Given information:
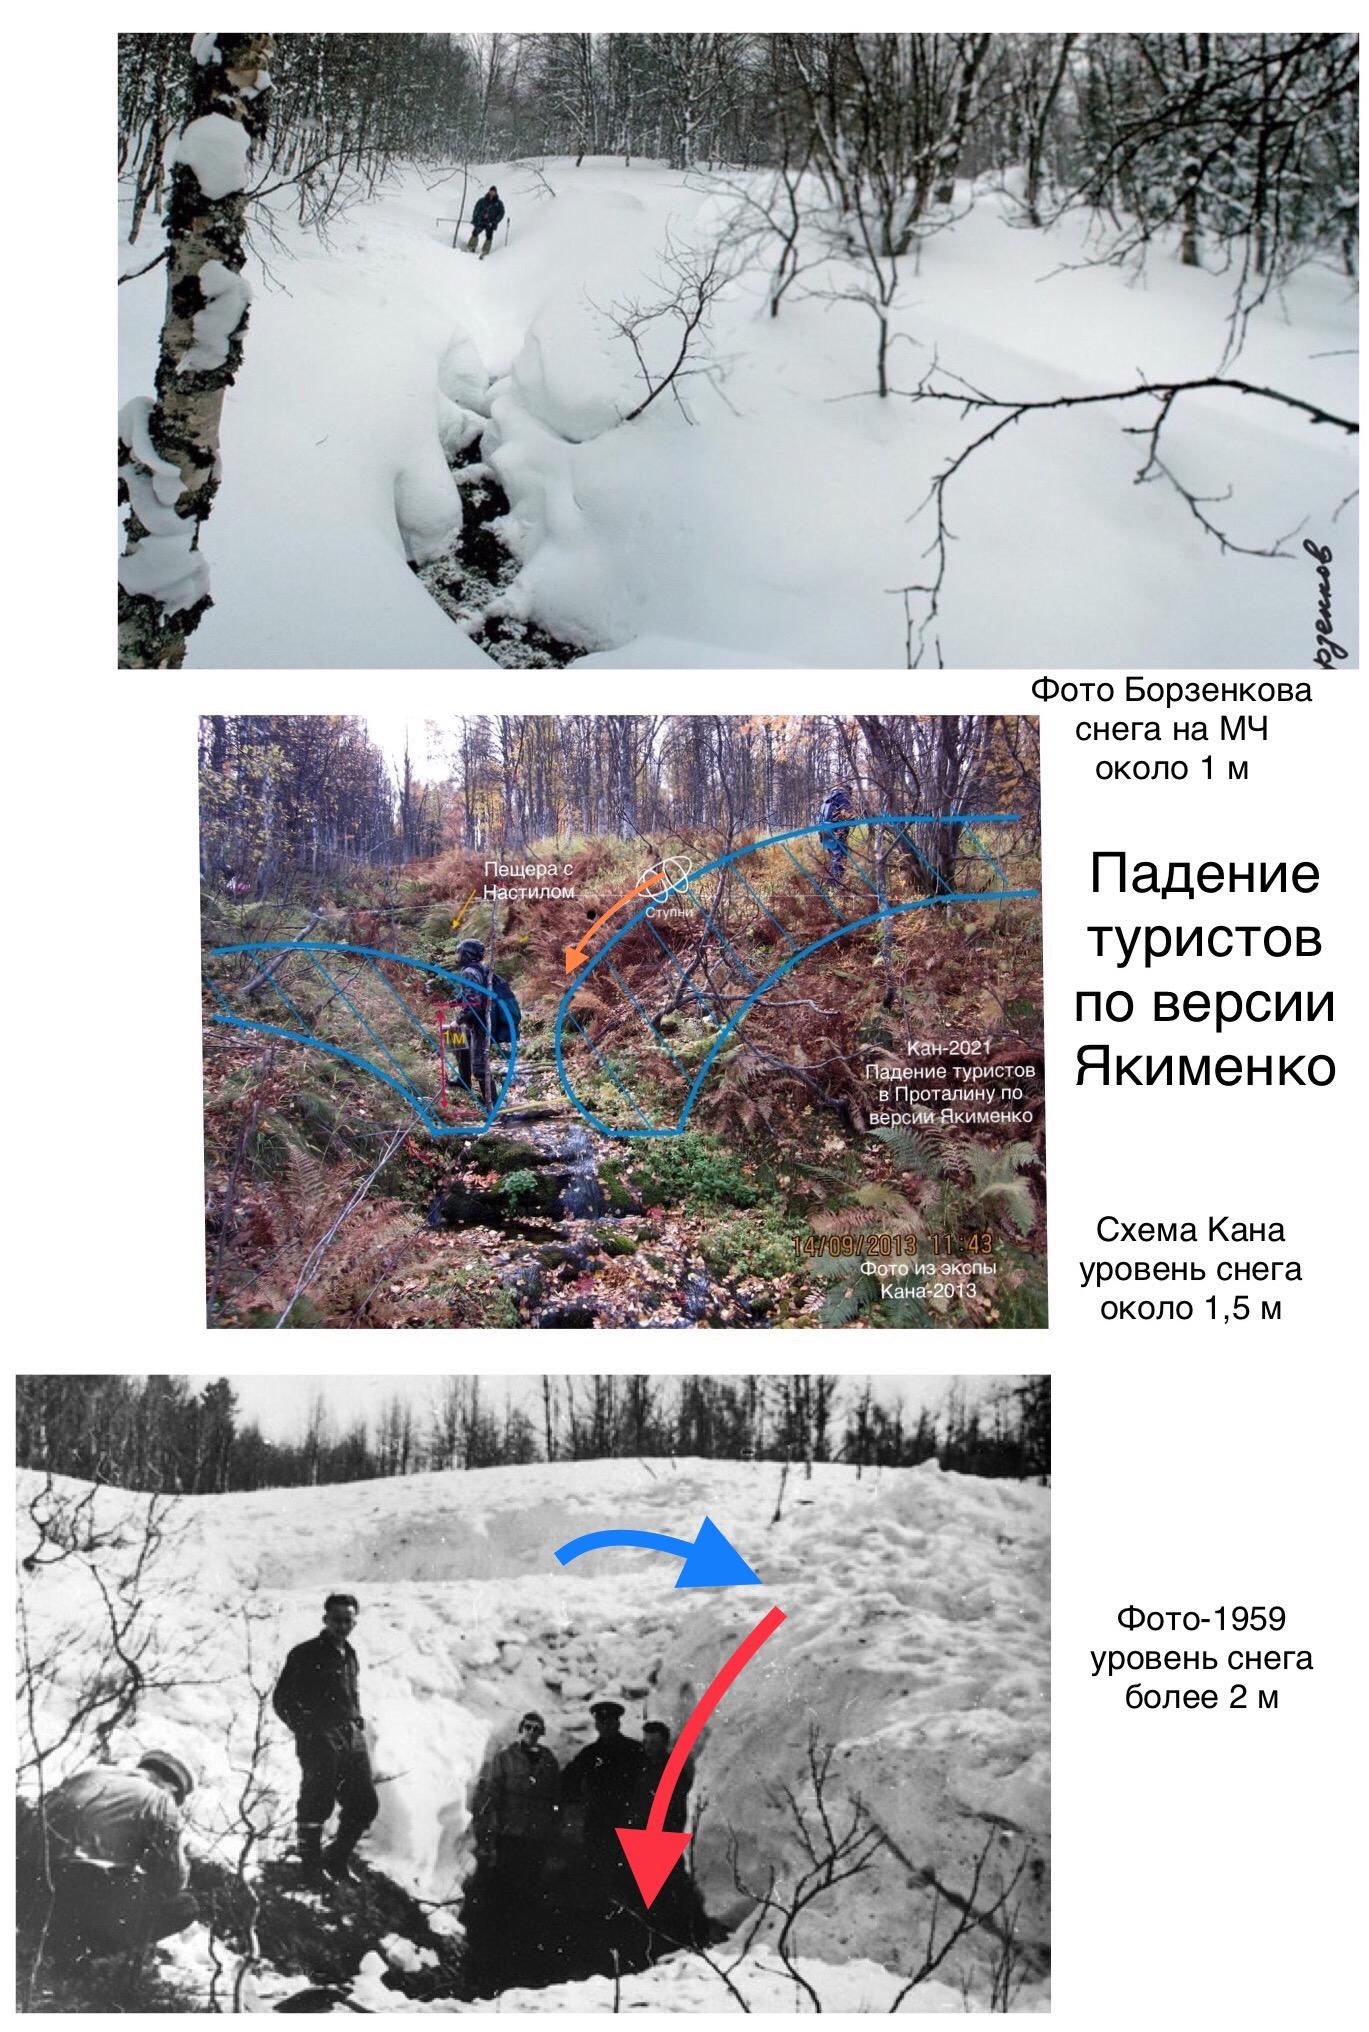 https://rataku.com/images/2021/04/11/73CD810E-DB0D-4D57-BE5E-AD4D81CDC70E.jpg
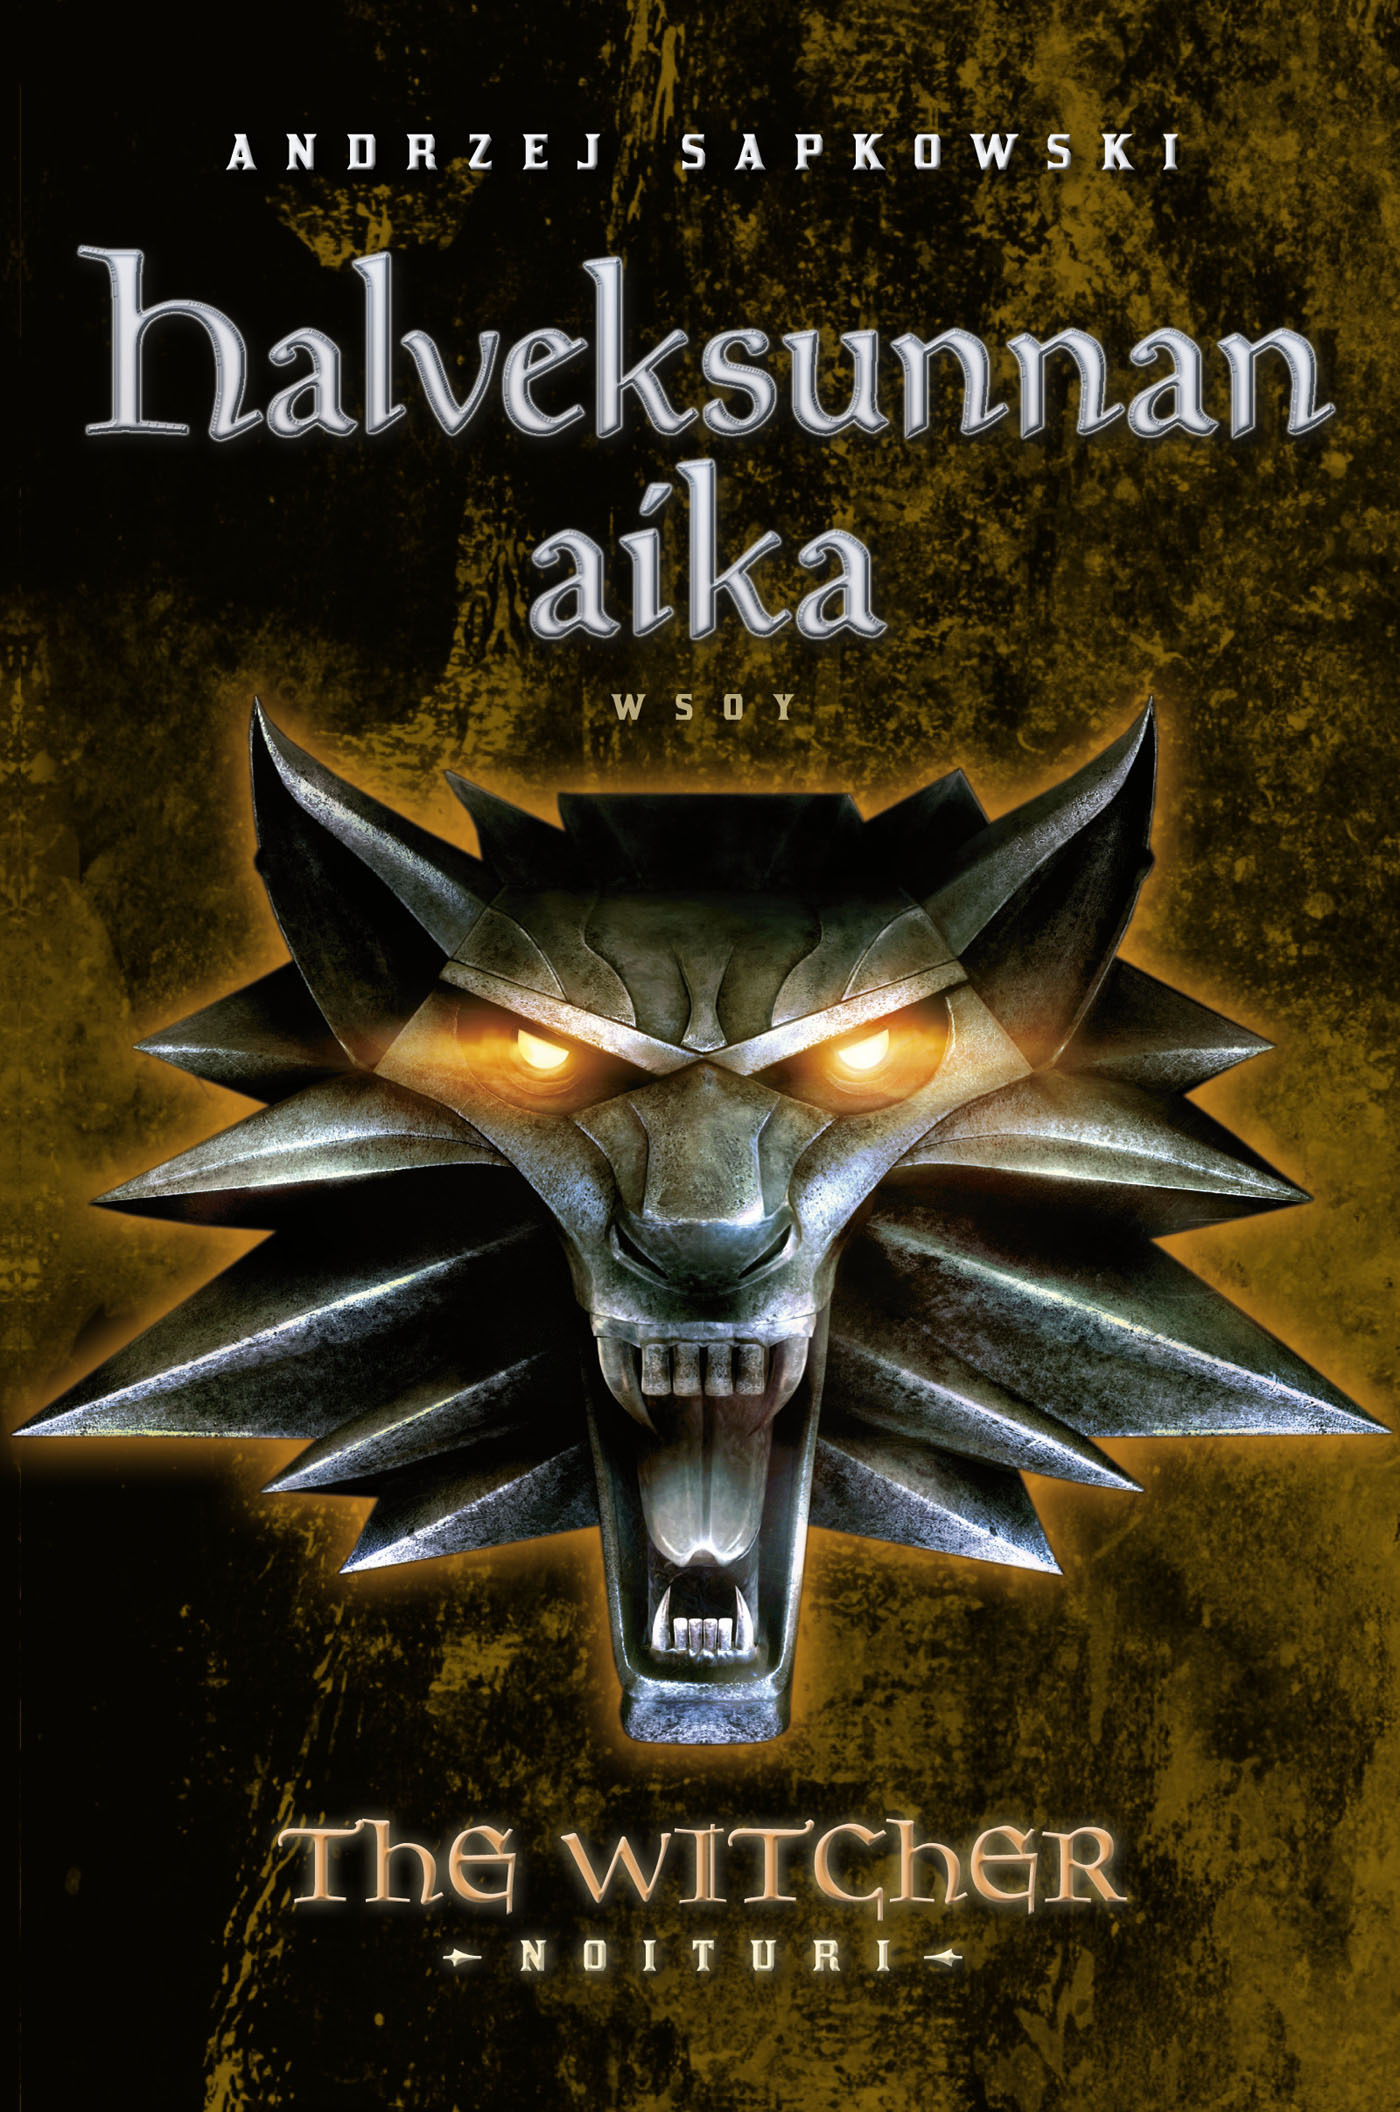 Sapkowski, Andrzej - Halveksunnan aika: The Witcher - Noituri 4, e-bok
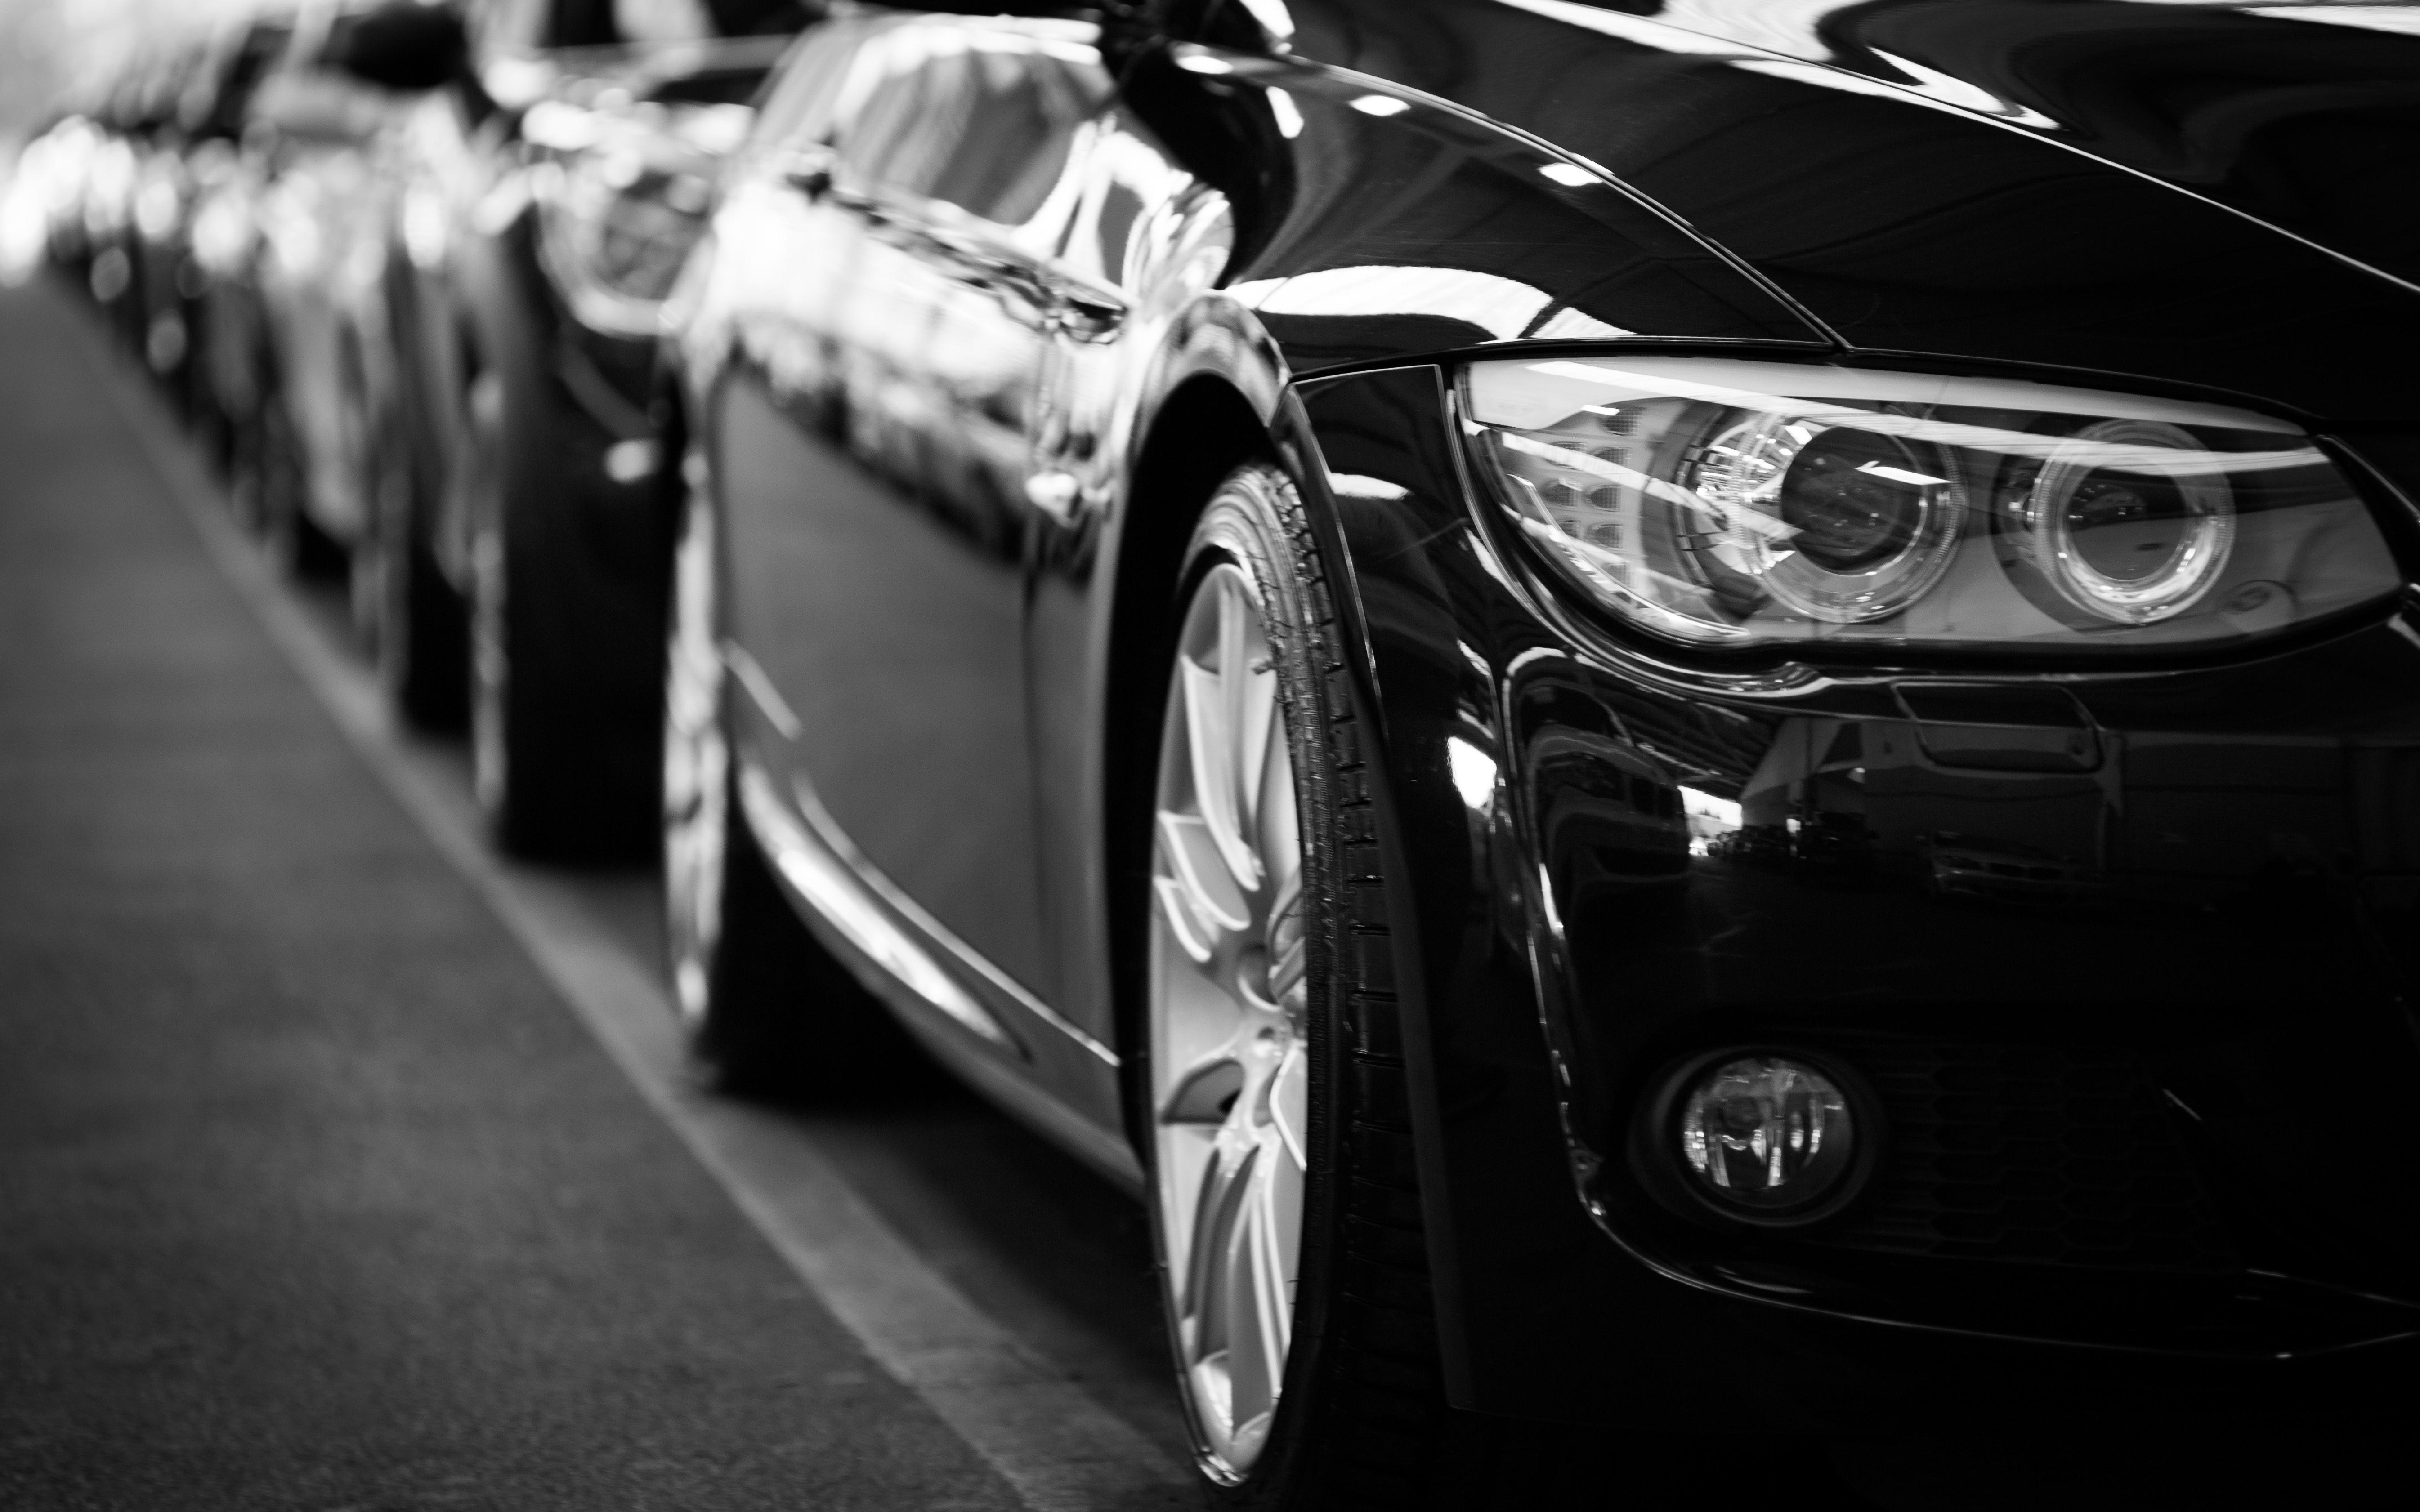 Black Coupes Free Stock Photo

Task goal: This exercise calls for the complete listing, returned exactly and without images.

Exercise result:
 https://rataku.com/images/2021/04/11/73CD810E-DB0D-4D57-BE5E-AD4D81CDC70E.jpg
 Sapkowski, Andrzej - Halveksunnan aika: The Witcher - Noituri 4, e-bok
 Black Coupes Free Stock Photo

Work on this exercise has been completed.